Pertama, pasien BPJS tidak pernah menawar tarif klaim BPJS kepada rumah sakit. Pasien menjalankan kewajibannya membayar iuran sesuai regulasi yang ditetapkan negara. Jika ada masalah pada besaran klaim (INACBG’s) atau lamanya pencairan dana dari BPJS Kesehatan ke rumah sakit, itu adalah urusan tata kelola antara manajemen rumah sakit, kementerian, dan lembaga jaminan sosial. Sangat tidak etis dan mengecutkan jika ketidakpuasan terhadap sistem keuangan negara dilampiaskan dalam bentuk pelayanan yang dingin dan tidak ramah kepada rakyat kecil yang sedang kesakitan.
Kedua, keramahan dan rasa hormat dalam pelayanan kesehatan bukanlah bonus yang hanya bisa dibeli dengan uang tunai atau asuransi swasta mahal. Keramahan adalah standar paling mendasar dari keselamatan pasien (patient safety). Seorang dokter atau perawat yang enggan mendengarkan dengan empati karena meremehkan pasien BPJS berpotensi besar melewatkan anamnesis penting—informasi riwayat penyakit yang bisa menjadi pembeda antara hidup dan mati.
Menyembuhkan Penyakit di Dalam Rumah Sakit
Kejadian di RSUP Dr. Sardjito dan berbagai keluhan serupa di penjuru negeri harus menjadi titik balik reformasi radikal pada tata kelola Rumah Sakit Pemerintah:
-
Rombak Sistem Evaluasi Kinerja (KPI) ASN Medis: Status sebagai pegawai negeri atau dokter spesialis tidak boleh lagi menjadi benteng kekebalan dari sanksi etik. Indikator kepuasan pasien dan penilaian perilaku (soft skills) harus dijadikan komponen utama dalam menentukan jenjang karier, tunjangan kinerja, dan kelayakan izin praktik di rumah sakit milik negara.
-
Manajemen Beban Kerja dan Pengawasan PPDS: Pemerintah dan universitas wajib membenahi jam kerja serta kondisi psikologis para dokter muda dalam program pendidikan spesialis. Pembatasan jam kerja yang manusiawi dan pengawasan langsung dari Dokter Penanggung Jawab Pelayanan (DPJP) harus ditegakkan agar pasien tidak dijadikan kelinci percobaan atau pelampiasan rasa stres.
-
Mekanisme Pengaduan Independen: Harus ada saluran pengaduan yang transparan, aman, dan memicu sanksi nyata bagi tenaga medis yang terbukti melakukan diskriminasi atau tindakan tidak ramah. Rumah sakit tidak boleh lagi berlindung di balik retorika pembelaan korporat saat anggotanya mencederai rasa keadilan publik.

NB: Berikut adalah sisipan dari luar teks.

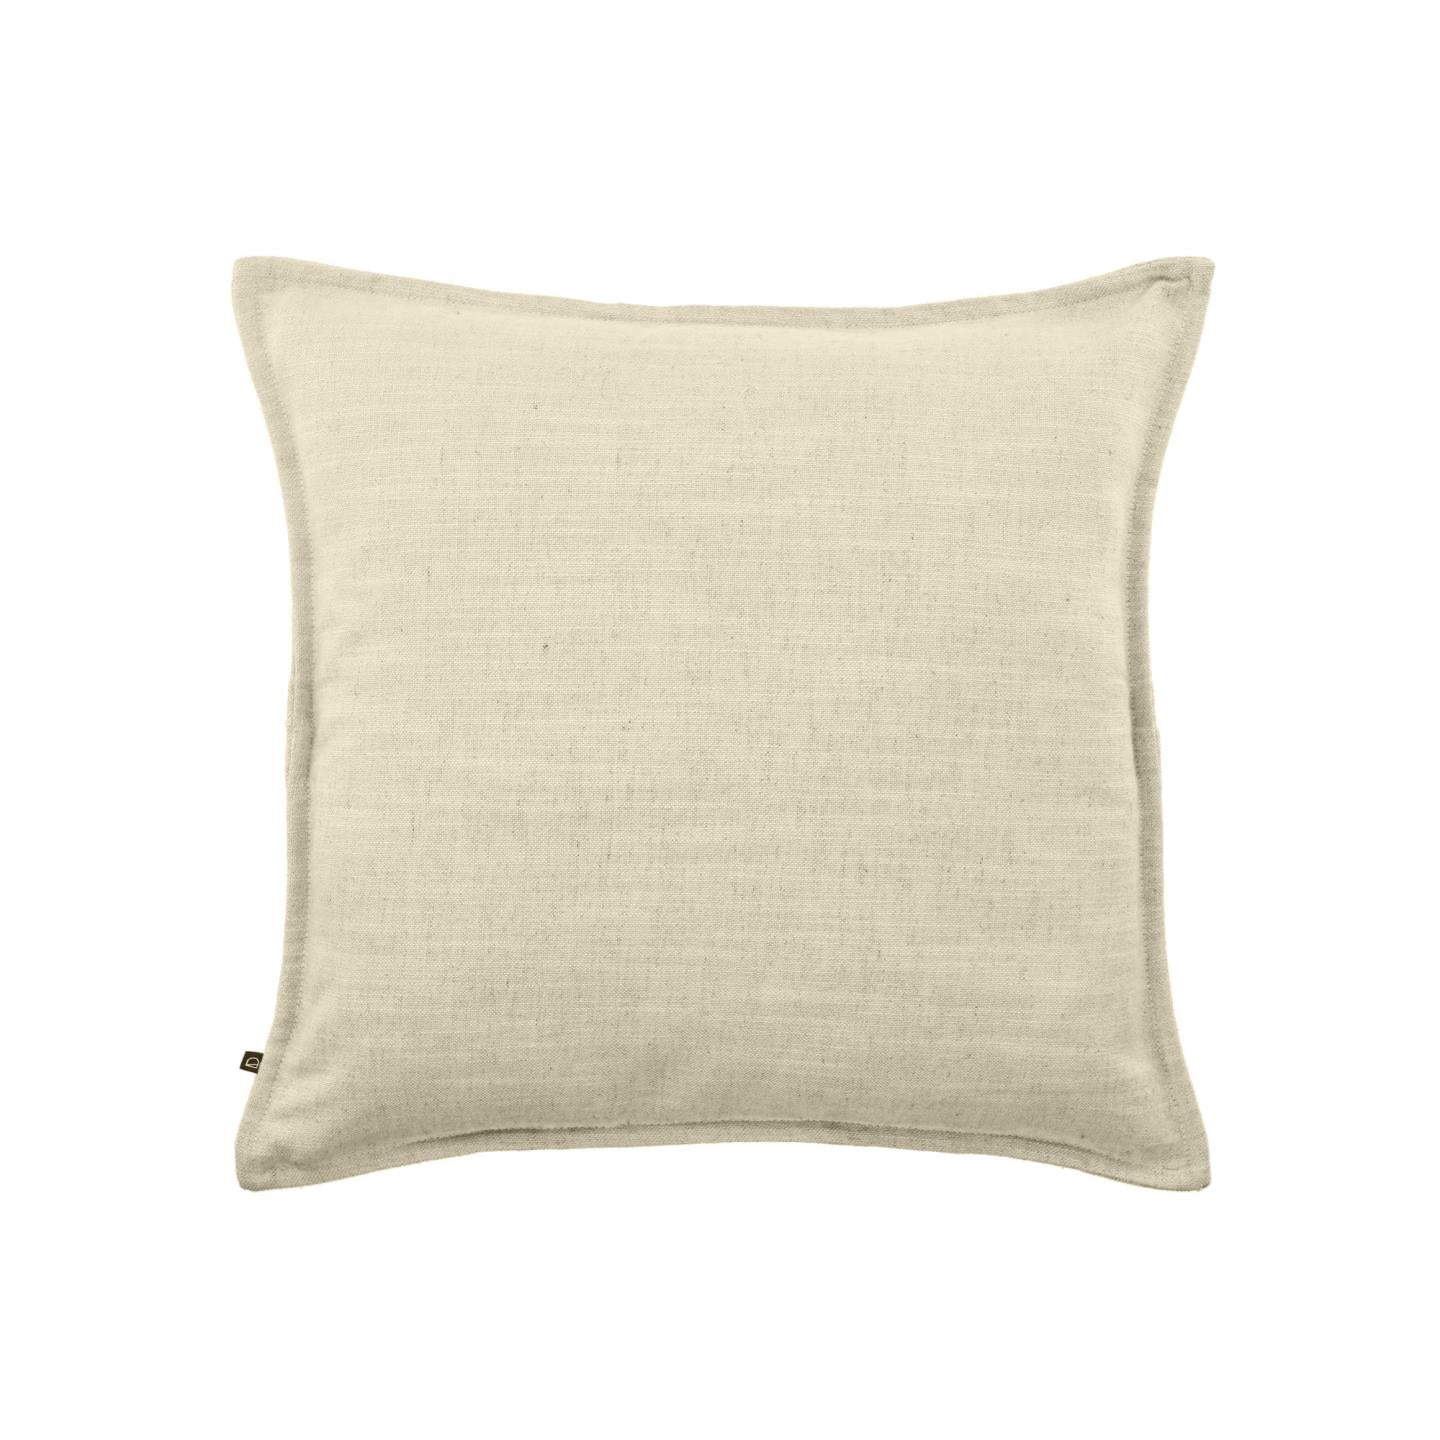 Blok cushion cover in white linen, 45 x 45 cm
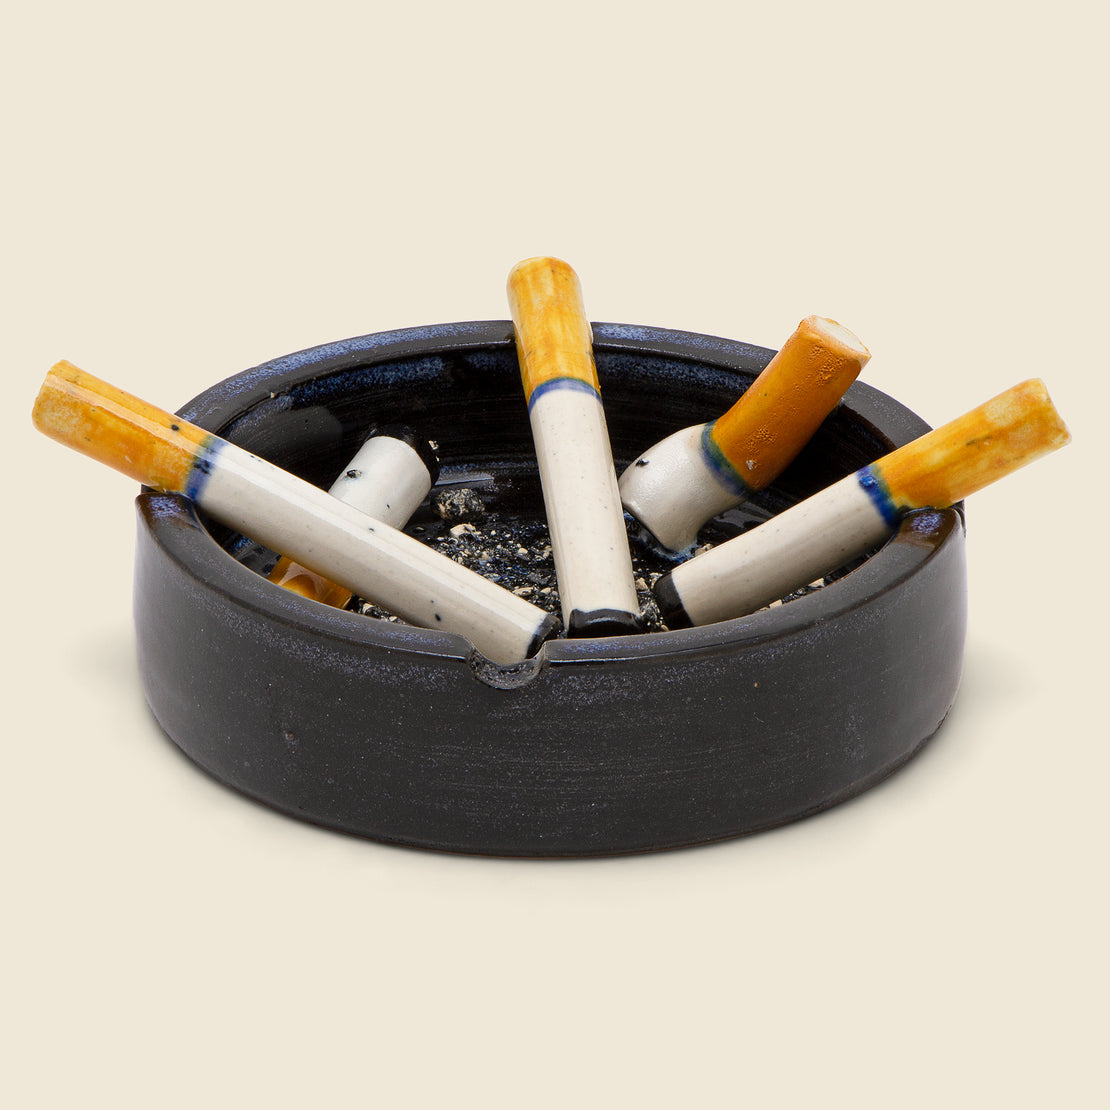 Cigarette Ashtray - Black

Pasien BPJS bukanlah peminta-minta. Mereka adalah pemilik sah atas rumah sakit-rumah sakit pemerintah yang berdiri dari pajak dan iuran rakyat. Sudah saatnya setiap insan medis di fasilitas kesehatan publik menyadari: jas putih yang mereka kenakan, gedung mewah tempat mereka bekerja, dan peralatan canggih yang mereka gunakan, semuanya ada karena investasi dan keringat masyarakat yang mereka layani.
Merawat pasien BPJS dengan empati dan penuh rasa hormat bukanlah sebuah kemewahan—itu adalah kewajiban moral, etika profesi, dan utang konstitusi yang harus dibayar tuntas.